Metabolic rate reduction as an overwintering strategy: just krill, or other species too?


J.J. Torres, J. Donnelly, J. Bellucci, M. Parker



Euphausia superba is clearly the dominant pelagic crustacean species on the Antarctic Peninsula Shelf, comprising up to 98% of the total micronekton/zooplankton biomass. It is the prey of choice for most species in the intermediate and upper trophic levels, and thus is the primary vehicle for moving phytoplankton energy up the trophic pyramid.  Understanding E. superba's overwintering strategies is a central concern for understanding the shelf ecosystem as a whole. Although dominant, E. superba is a member of a community of about 20 common pelagic species in shelf waters, including several other crustaceans that must endure the same swings in primary production during the progression of the Antarctic seasons. It is important to decipher other species' mechanisms of dealing with the winter months, both to aid our understanding of how Euphausia superba overwinters and to increase our knowledge of the Antarctic marine system as a whole.

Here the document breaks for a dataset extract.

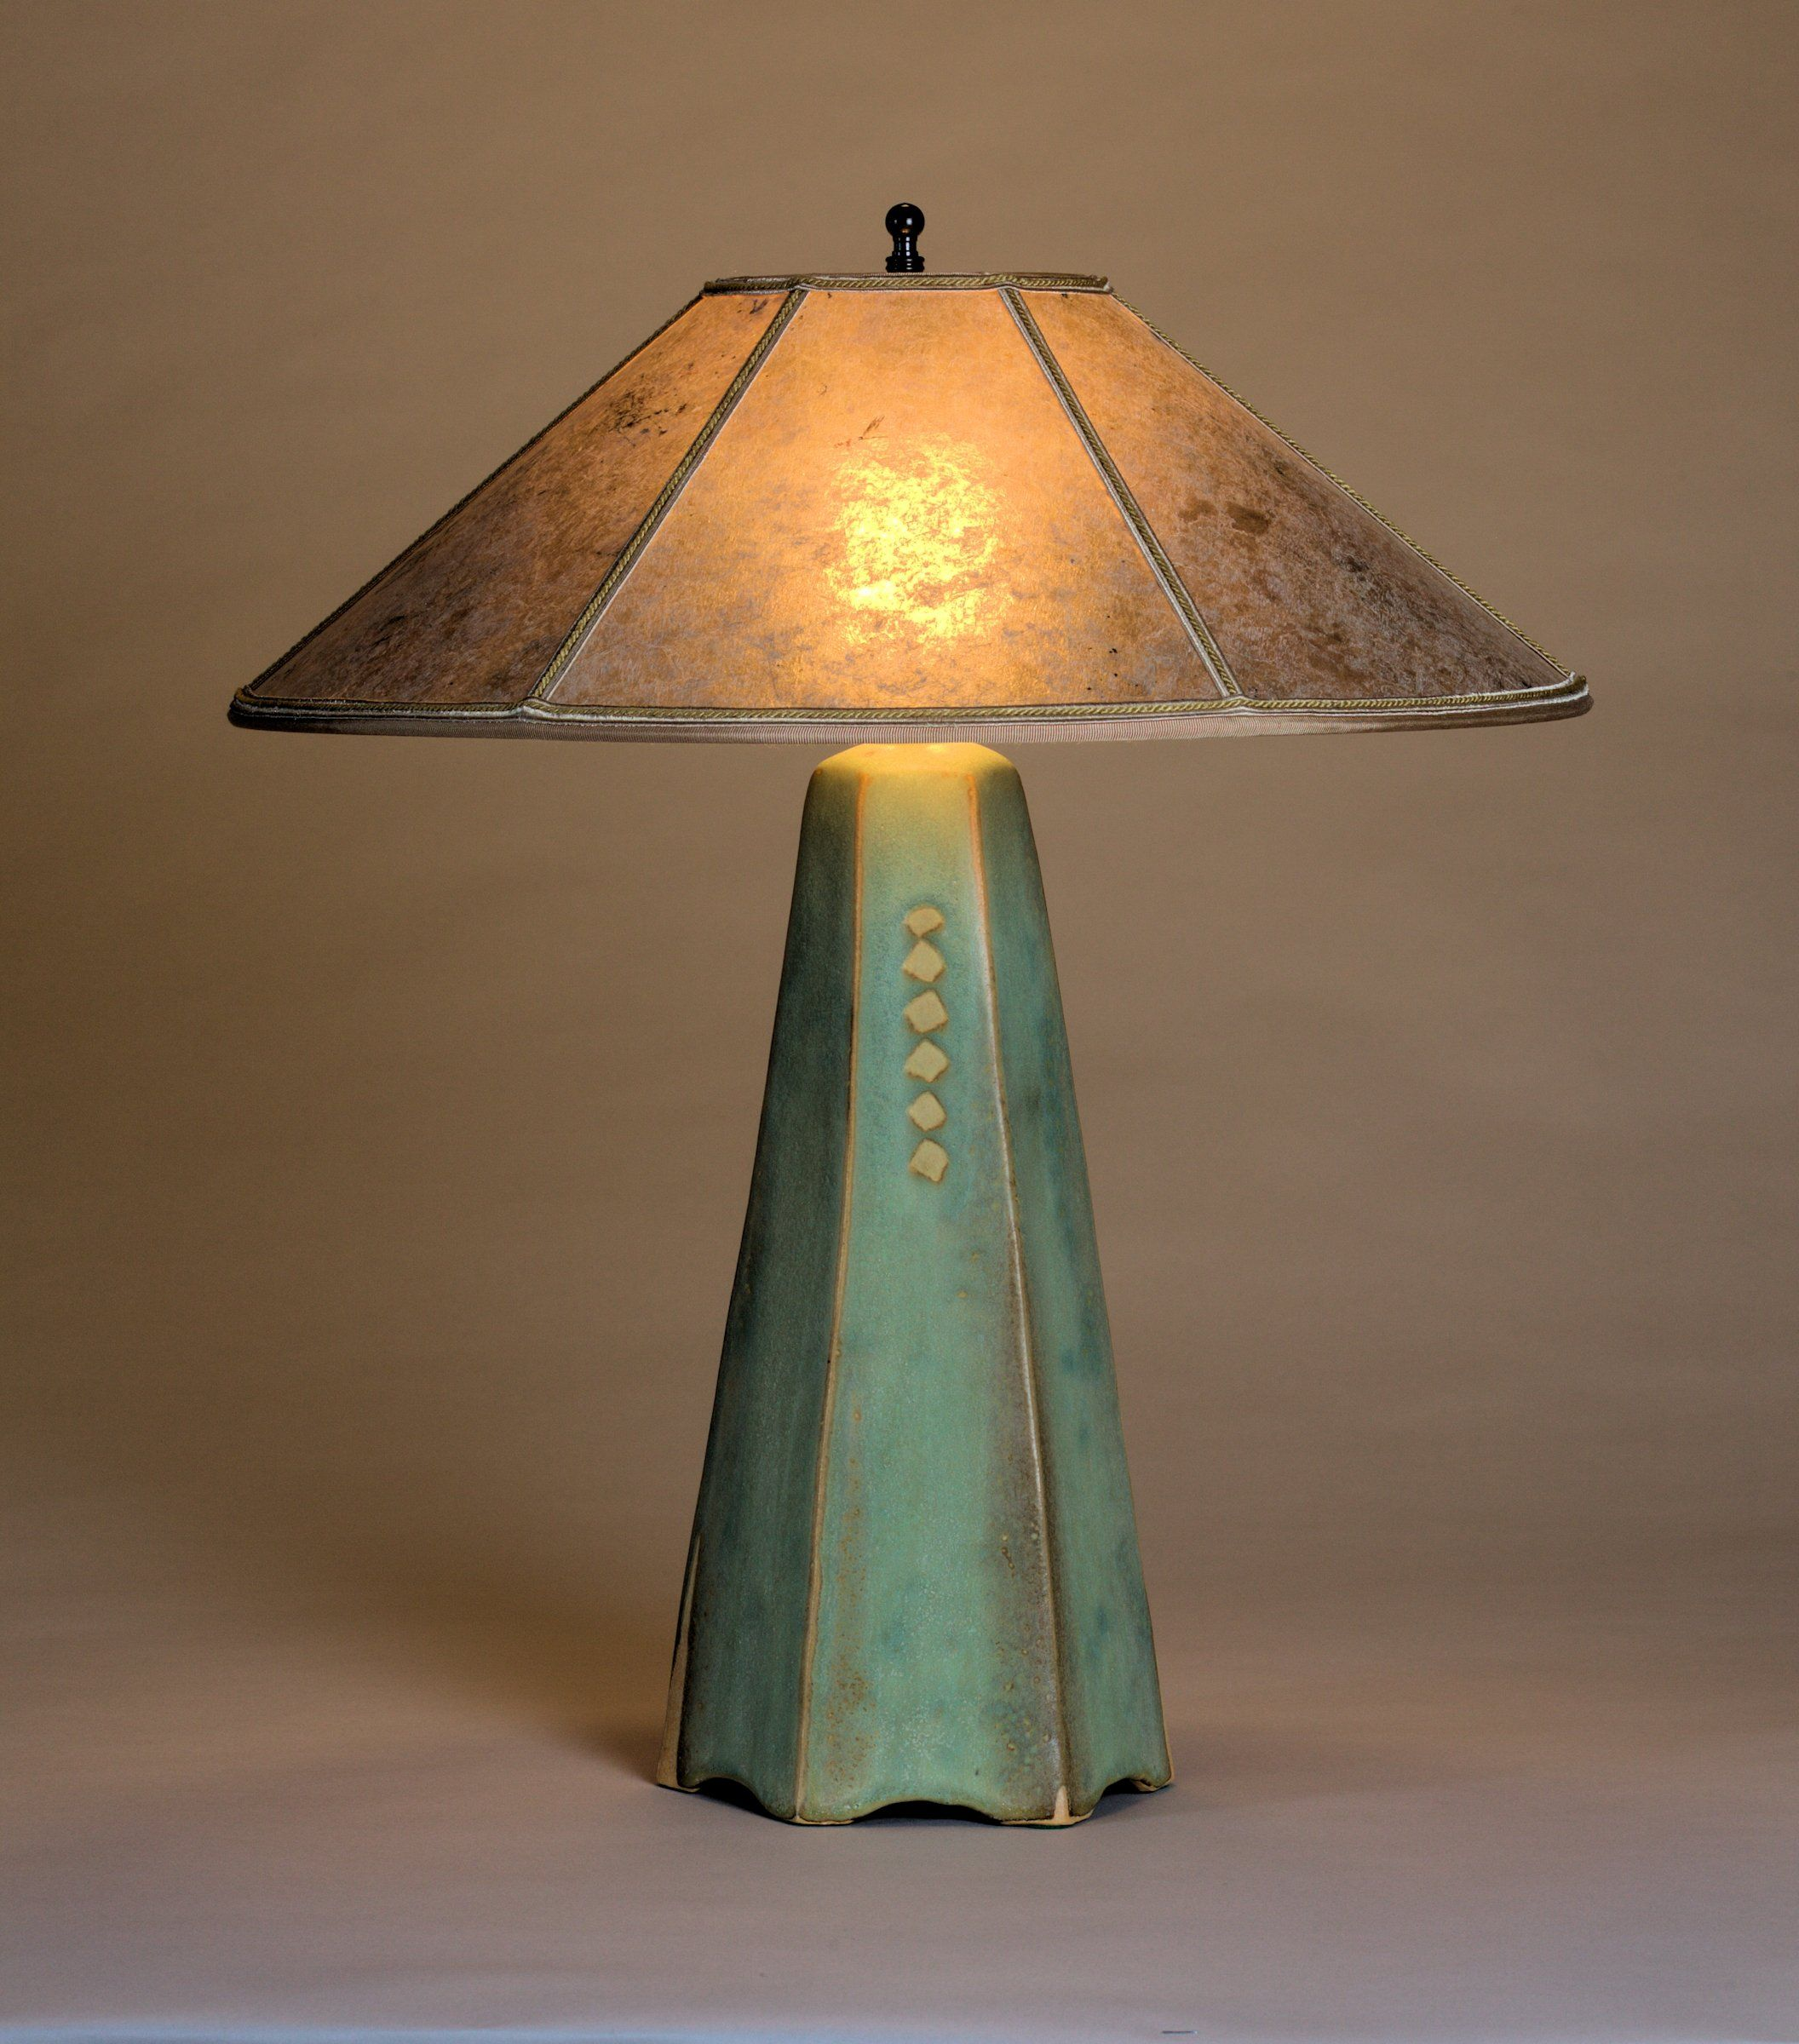 Six Sided Lamp In Celery Glaze By Jim Webb (Ceramic Table Lamp

Results from our SO GLOBEC physiology studies show that Euphausia superba juveniles and adults exhibit a drop in metabolism of about 50% over the winter months when compared to summer rates.  One question which is of primary interest is whether larvae show a similar drop in metabolism from fall to winter.  Our results suggest a smaller but significant drop in metabolism in E. superba furcilia during the change from fall to winter.  Due to their inability to accumulate a substantial energy depot, krill furcilia are probably constrained to feed.  Does the same overwintering strategy apply to adults and larvae?  We think yes.  Our data also suggest that metabolism drops substantially in the euphausiids, Euphausia triacantha and Thysanoessa macrura.  Copepods that we have worked up sufficient data to examine, Calanus propinquus and Metridia gerlachei, also show a drop.  It appears that metabolic reduction is a widespread response to the Antarctic winter. What we need to unravel is whether the reduction is simple starvation, or photoperiod-related drop in metabolism that is mediated hormonally, similar to insect diapause.